Hull Robert E 4
4 · Healthcare Realty Trust Inc · Filed Feb 11, 2026
Research Summary
AI-generated summary of this filing
Healthcare Realty (HR) EVP Robert E. Hull Receives Awards, Withholds Shares
What Happened
Robert E. Hull, Executive Vice President and Chief Operating Officer of Healthcare Realty Trust Inc. (HR), received awards and had shares withheld for tax withholding. On Feb 9, 2026 Hull was granted 33,859 restricted shares at $17.13 per share (value $580,005) and a derivative award of 5,959 units/shares at $17.13 (value $102,078).

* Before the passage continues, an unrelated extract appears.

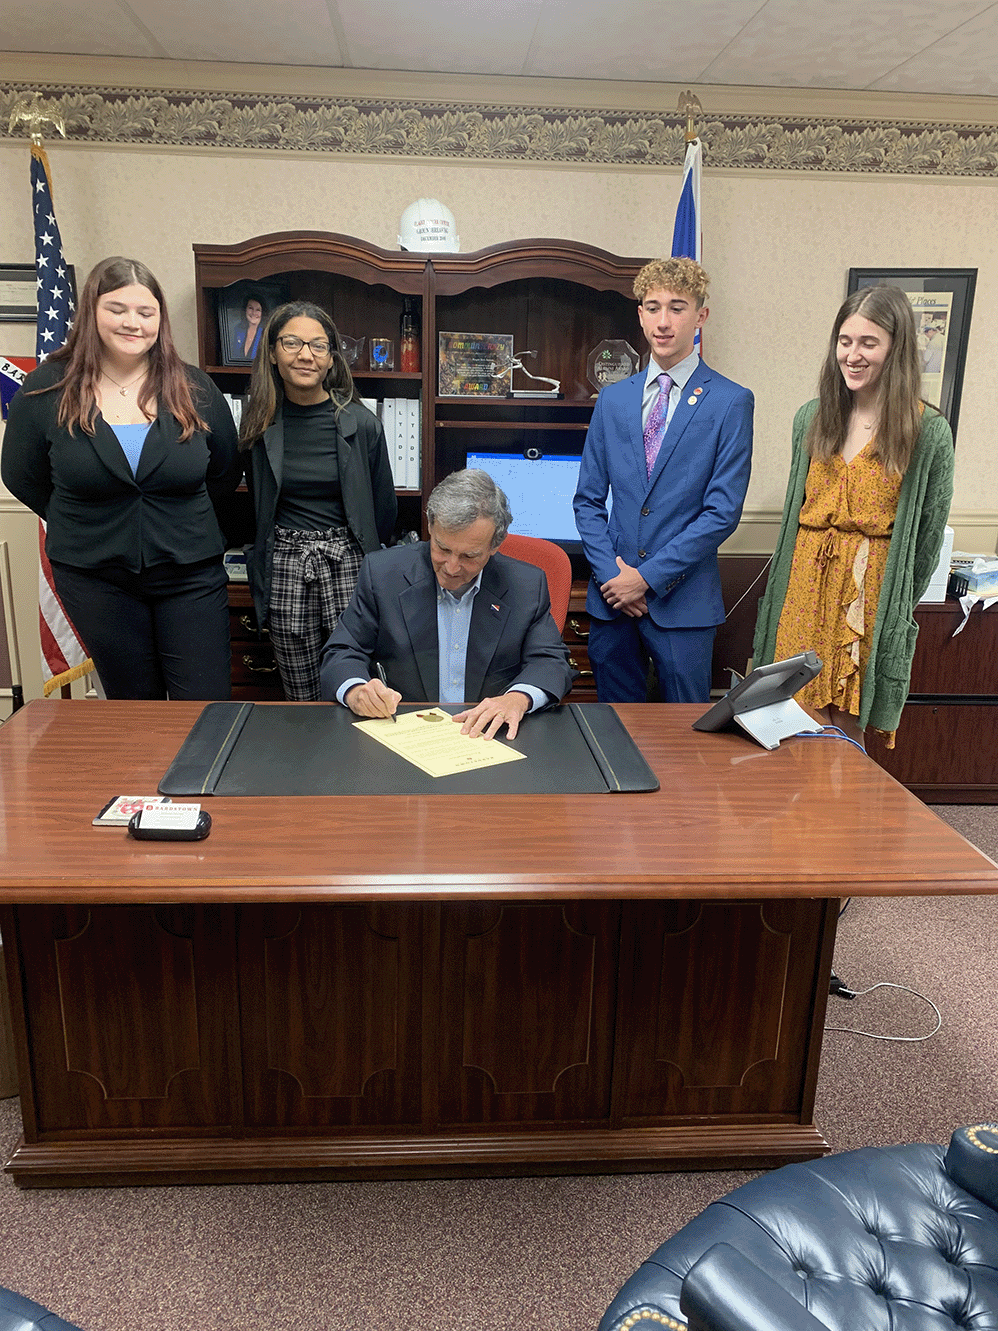 Bardstown High School students stand behind the mayor as he signs a proclamation
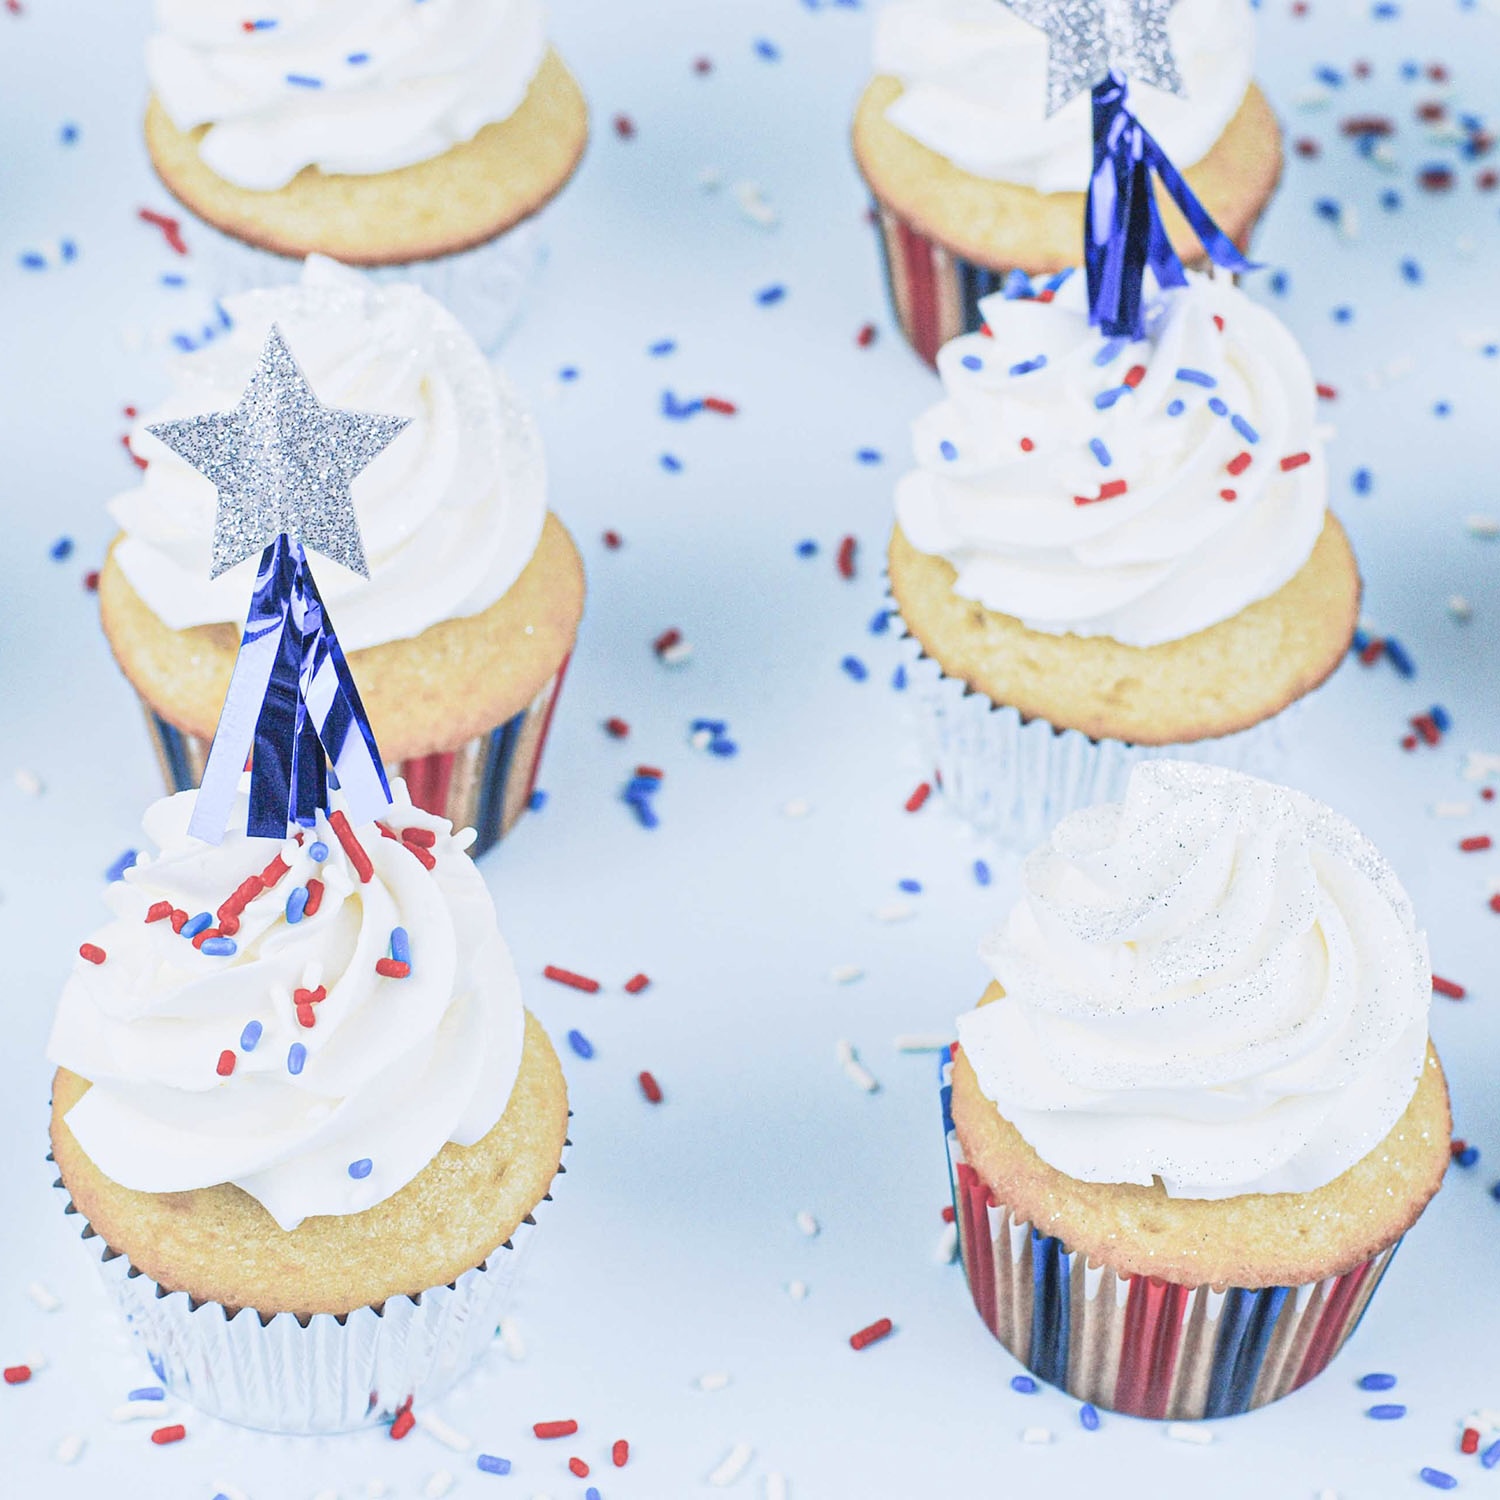  white cake baked in Stars and Stripes Cupcake liners with shooting star picks with a dash of sprinkles and silver sparkly dust.

To satisfy tax withholding obligations tied to vesting, 5,915 shares were withheld on Feb 9, 2026 (treated as a disposition) at $17.13 ($101,324) and another 4,097 shares were withheld on Feb 10, 2026 at $17.36 ($71,124).
Key Details
- Transaction dates and prices:
- 2026-02-09: Grant of 33,859 restricted shares @ $17.13 = $580,005
- 2026-02-09: Grant of 5,959 derivative units/shares @ $17.13 = $102,078
- 2026-02-09: 5,915 shares withheld for taxes @ $17.13 = $101,324 (disposition)
- 2026-02-10: 4,097 shares withheld for taxes @ $17.36 = $71,124 (disposition)
- Shares owned after transaction: Not disclosed in this Form 4 filing.
- Notable footnotes:
- F1: The restricted share grant vests in three equal installments annually over three years.
- F2: The withheld shares represent shares retained by the issuer to satisfy tax withholding on vesting.
- F3/F4: The derivative units are LTIP Series D partnership units intended to qualify as profits interests; they vest Dec 31, 2027 and, subject to vesting/conversion conditions, convert one-for-one into common stock of the issuer.
- Filing timeliness: Form filed Feb 11, 2026 for transactions on Feb 9–10, 2026 — no late filing indicated.
Context
This filing reflects compensation-related awards and routine tax-withholding dispositions rather than an open-market sale or purchase. Restricted shares vest over time (see F1), and the derivative LTIP units have future vesting and conversion conditions (see F4). Withholding of shares to cover taxes is a common administrative step and does not necessarily signal a view on the company’s stock.
Insider Transaction Report
- Award
Common Stock
[F1]2026-02-09$17.13/sh+33,859$580,005→ 307,350 total - Tax Payment
Common Stock
[F2]2026-02-09$17.13/sh−5,915$101,324→ 301,435 total - Tax Payment
Common Stock
[F2]2026-02-10$17.36/sh−4,097$71,124→ 297,338 total - Award
Partnership Units
[F3][F4]2026-02-09$17.13/sh+5,959$102,078→ 5,959 total→ Common Stock (5,959 underlying)
Footnotes (4)
- [F1]Represents the grant of restricted shares of the issuer's common stock, such grant to vest in three equal installments on each anniversary of the grant date over a three-year period.
- [F2]This transaction represents shares withheld by the issuer to satisfy its required tax withholding obligation in connection with the vesting of restricted shares previously granted to the reporting person.
- [F3]The partnership units are designated LTIP Series D Units, which is a class of partnership interests in Healthcare Realty Holdings, L.P., a Delaware limited partnership ("HR Holdings"), the operating subsidiary of the Issuer
- [F4]The partnership units are intended to qualify as profits interests for U.S. federal income tax purposes. The units vest on December 31, 2027 and, upon achieving equivalent capital account balance per unit, are convertible into common partnership interests in HR Holdings and then may be converted into common stock of the Issuer on a one-for-one basis. The partnership units have no expiration date.